Книга Не люби красивого - Марина Серова
Шрифт:
Интервал:
Закладка:
Произнеся эти слова, я ощутила сильный удар по голове.
— Зачем же… — успела я сказать вслух, но последние слова «опять по голове» потонули в черной вязкой жиже, полностью меня поглотившей.

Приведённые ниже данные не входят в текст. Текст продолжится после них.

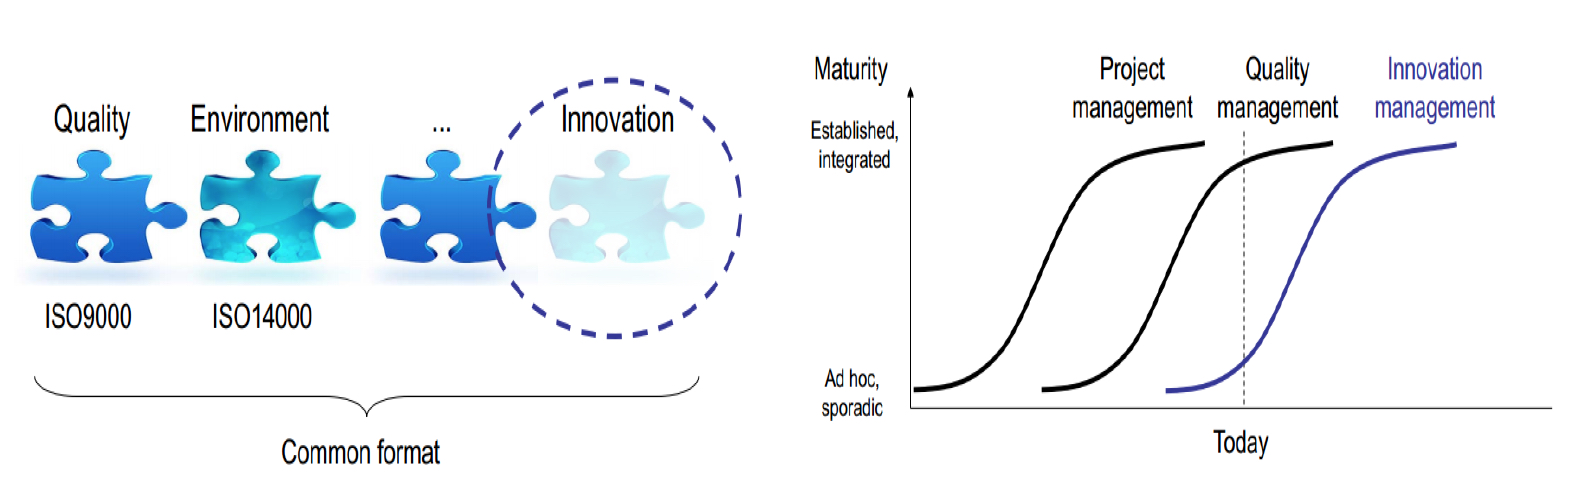 Innovation Leads To Dematurity Of Mature Industries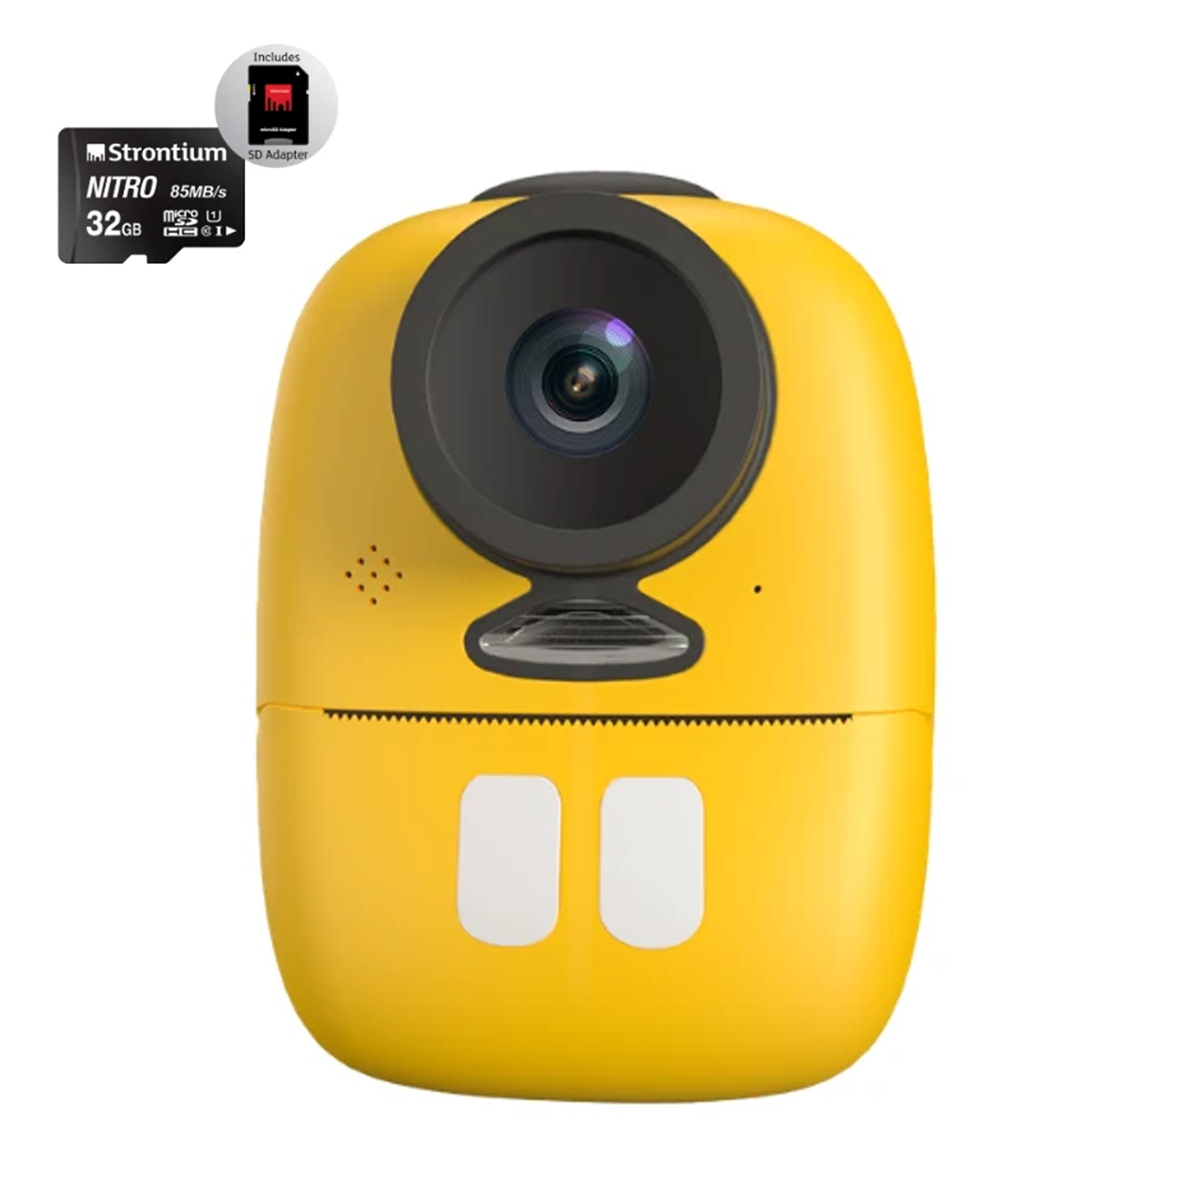 Smart 2-in-1 Instant Print Digital Camera for Kids with Dual Lens - DUDU

Через некоторое время я увидела свет. «Тоннель на тот свет, — определилась я на местности. — Я умерла». Сквозь вязкую жижу, которая по-прежнему не отпускала меня, я слышала глухие голоса, звавшие меня по имени. Прислушавшись, я узнала их — это были голоса Гарика и Кирьянова. «Как печально, они тоже умерли», — подумала я, но печалиться по-настоящему не получалось — видимо, на том свете все так и жили: без грусти и без радости. Через некоторое время сквозь свет, бивший мне в глаза, я увидела лица Кири и Гарика. Они были прекрасны. «Как же при жизни я этого не замечала?» — все так же без эмоций подумалось мне. Лица пропали, и вместо них передо мной возникла фигура в белых светящихся одеждах. «Наверное, ангел, — сделала я предположение, — или кто там занимается транспортировкой душ». Справа и слева от ангела вновь проступили прекрасные лица Гарика и Кири, отчего мне стало совсем спокойно. «Поехали», — сказала я, и мне было все равно, куда меня повезут в этой компании — в ад или в рай.
Местом назначения, скорее всего, оказался ад. Потому что там было темно и больно. Кири и Гарика рядом не было — и правильно. Что им там делать? Я на сто процентов была уверена, что адских мук, которые я испытывала сейчас, мои друзья не заслужили. И вдруг у меня над ухом раздался Ленкин голос.
«А она что тут делает?» — ужаснулась я.
— Таня, да очнись же ты, открой глаза! — кричала Ленка, и это точно была она.
И тут только до меня дошло, что мои глаза действительно были закрыты. Я попыталась приподнять веки, и, как ни странно, мне это удалось, хотя боль усилилась и меня чуть было не накрыл с головой приступ тошноты. «Я ж бестелесная душа, — начала соображать я. — Почему же мне так больно и тошно?» Первым, кого я увидела, когда наконец полностью открыла глаза, был склонившийся надо мной Анатолий.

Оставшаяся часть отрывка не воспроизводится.